* _Exercise requirements_
Include in the reply only the lines from the start of the data below through the line containing "Новые Горячие Dual", reproduced exactly and with no pictures.
BEGIN Supplied information
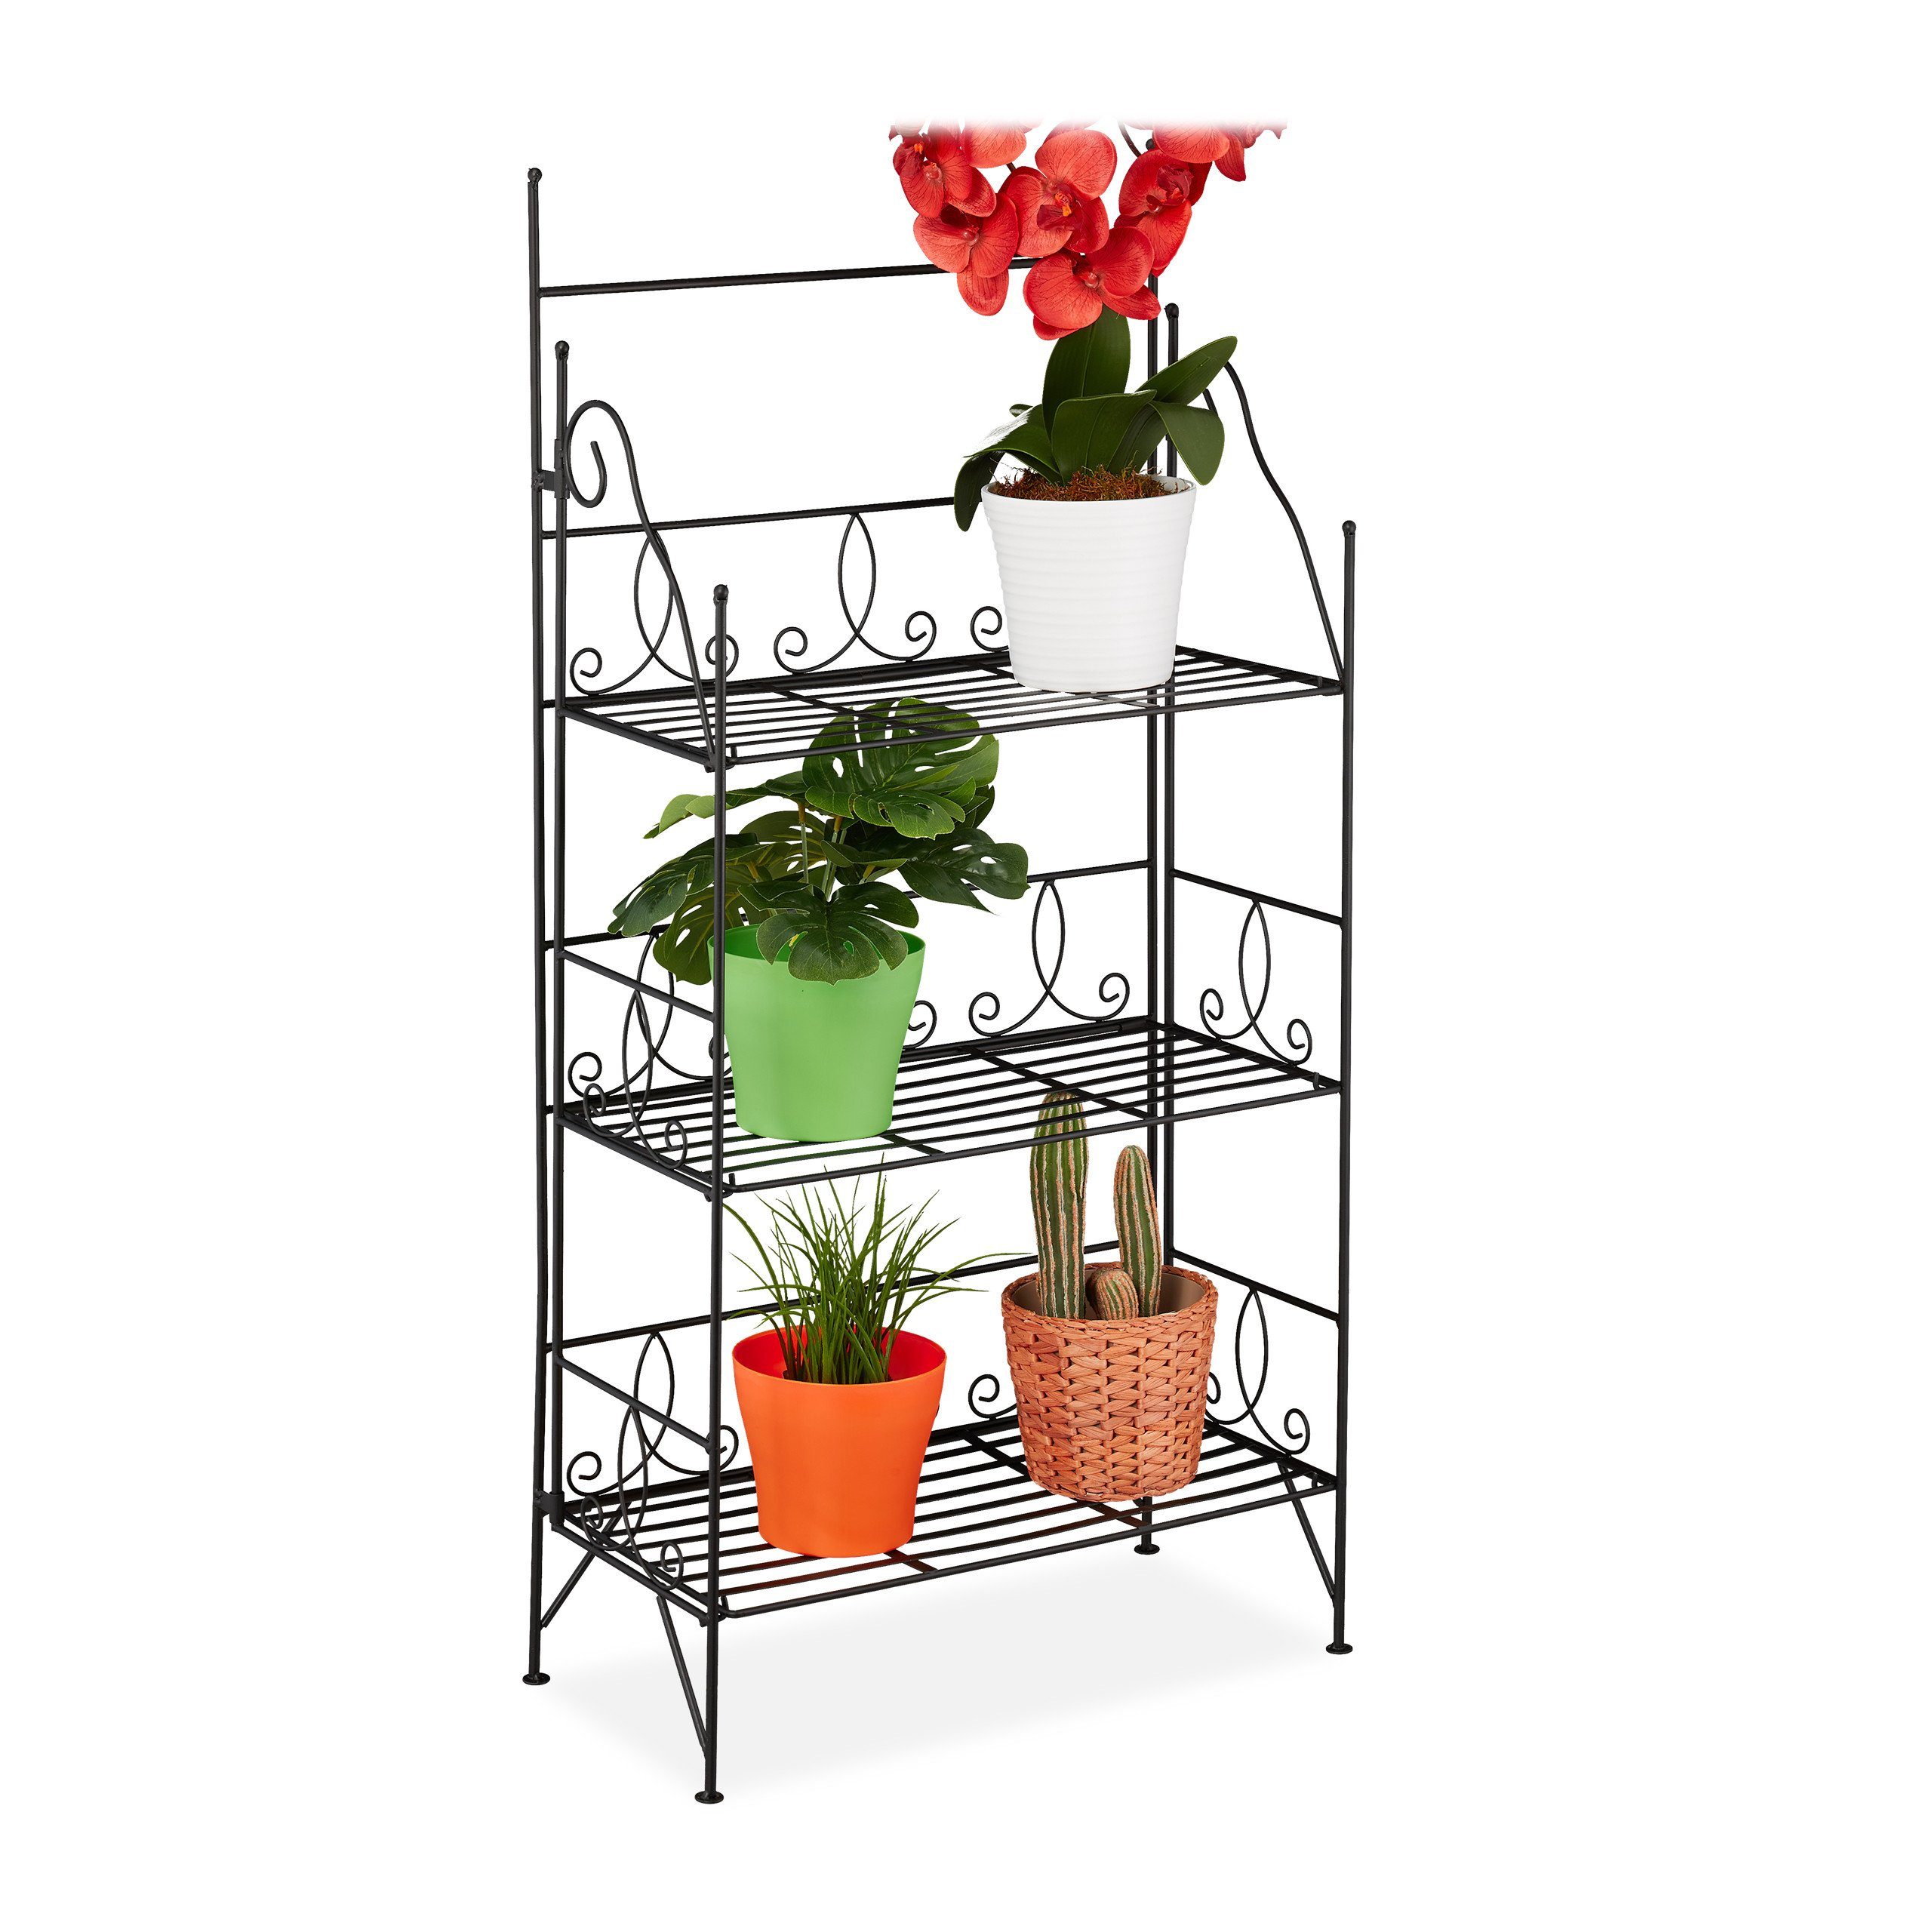 Braun Eisen Pflanzenhalter Stand mit 4 Tier Regalen für Indoor Outdoor Home Balkon ZZBIQS Gartenwagen Display Rack Pflanzenständer 
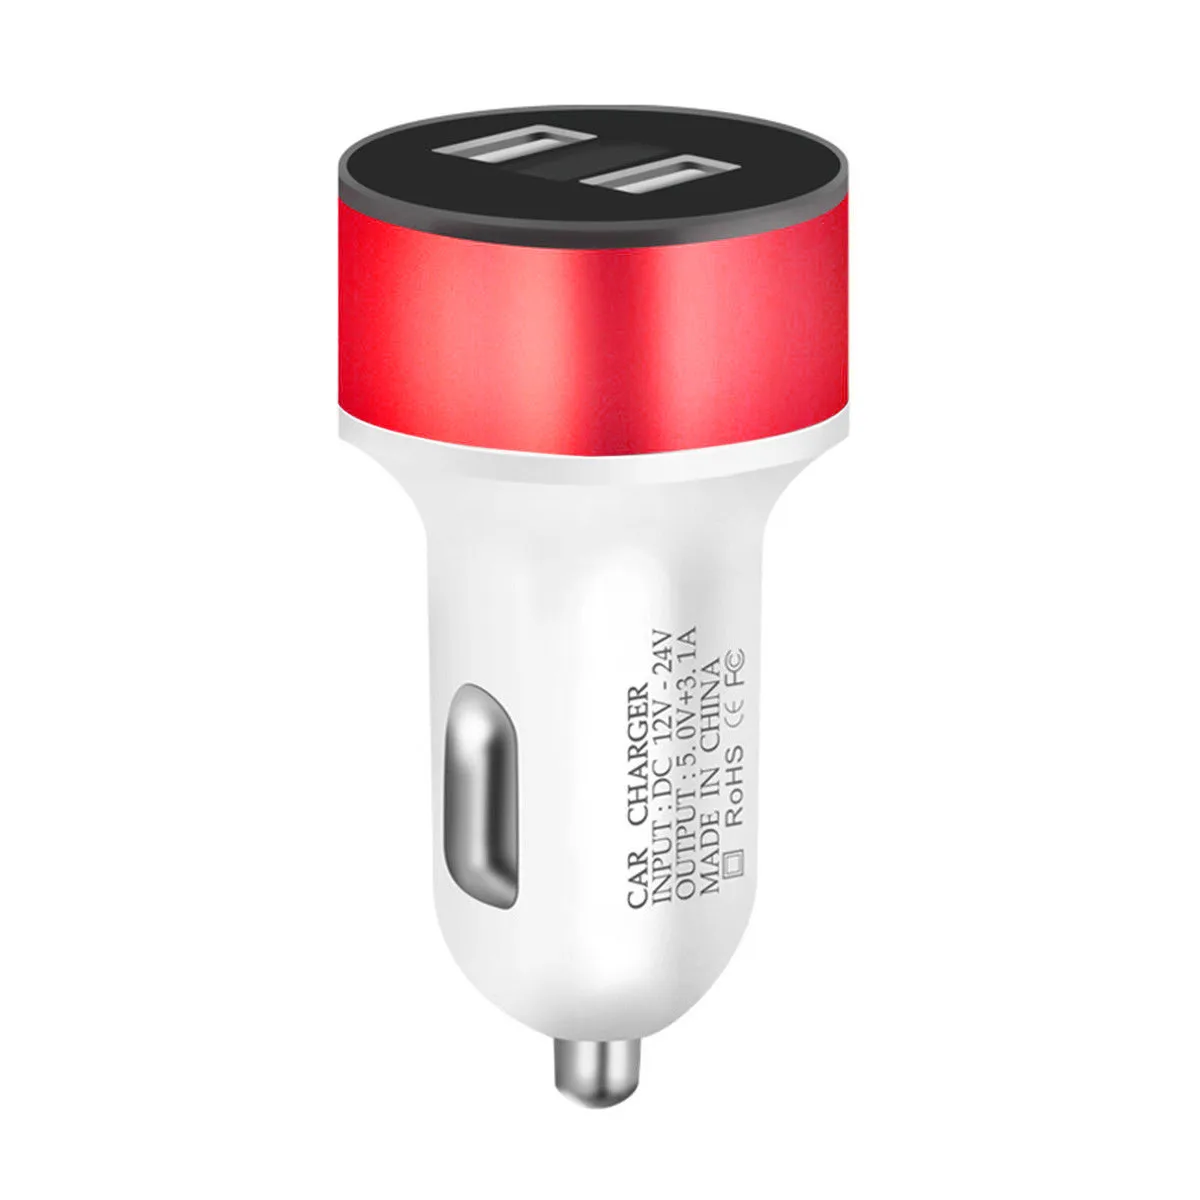 Новые Горячие Dual USB Мощность адаптер 12 V-24 V 3.1A мобильного телефона гнездо сигареты Зажигалка адаптер светодиодный Дисплей быстрой зарядки - Название цвета: Red
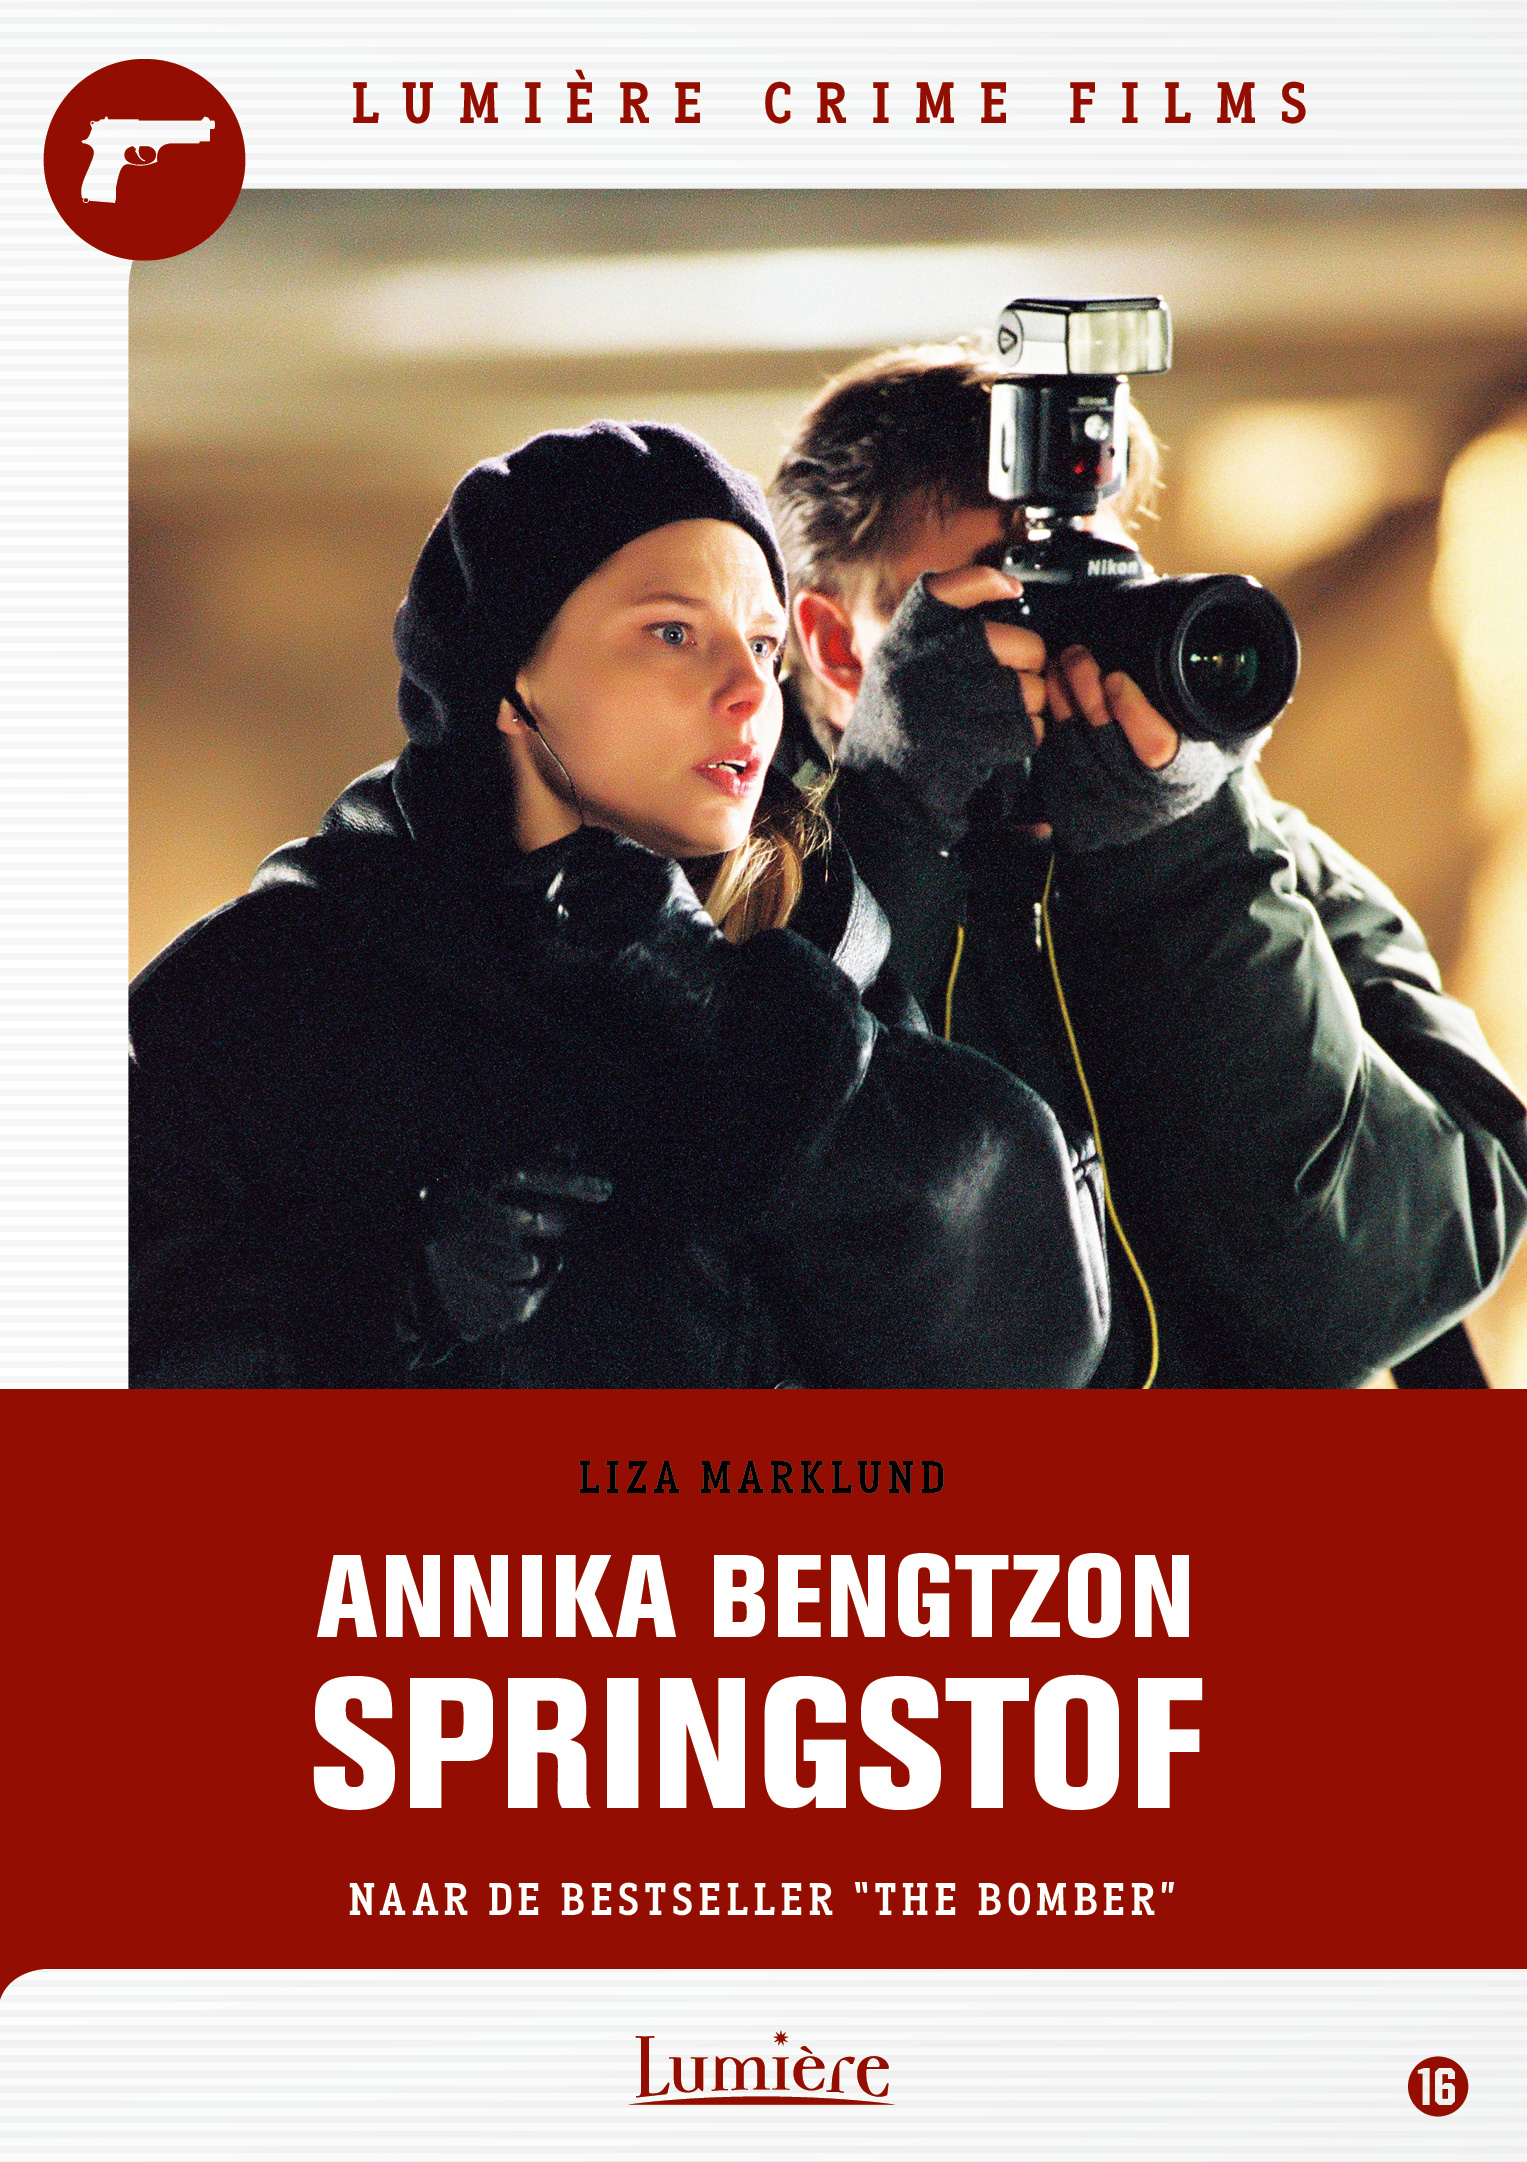 Liza Marklund’s Annika Bengzton: Springstof
END Supplied information
* _Answer_
 Braun Eisen Pflanzenhalter Stand mit 4 Tier Regalen für Indoor Outdoor Home Balkon ZZBIQS Gartenwagen Display Rack Pflanzenständer 
 Новые Горячие Dual USB Мощность адаптер 12 V-24 V 3.1A мобильного телефона гнездо сигареты Зажигалка адаптер светодиодный Дисплей быстрой зарядки - Название цвета: Red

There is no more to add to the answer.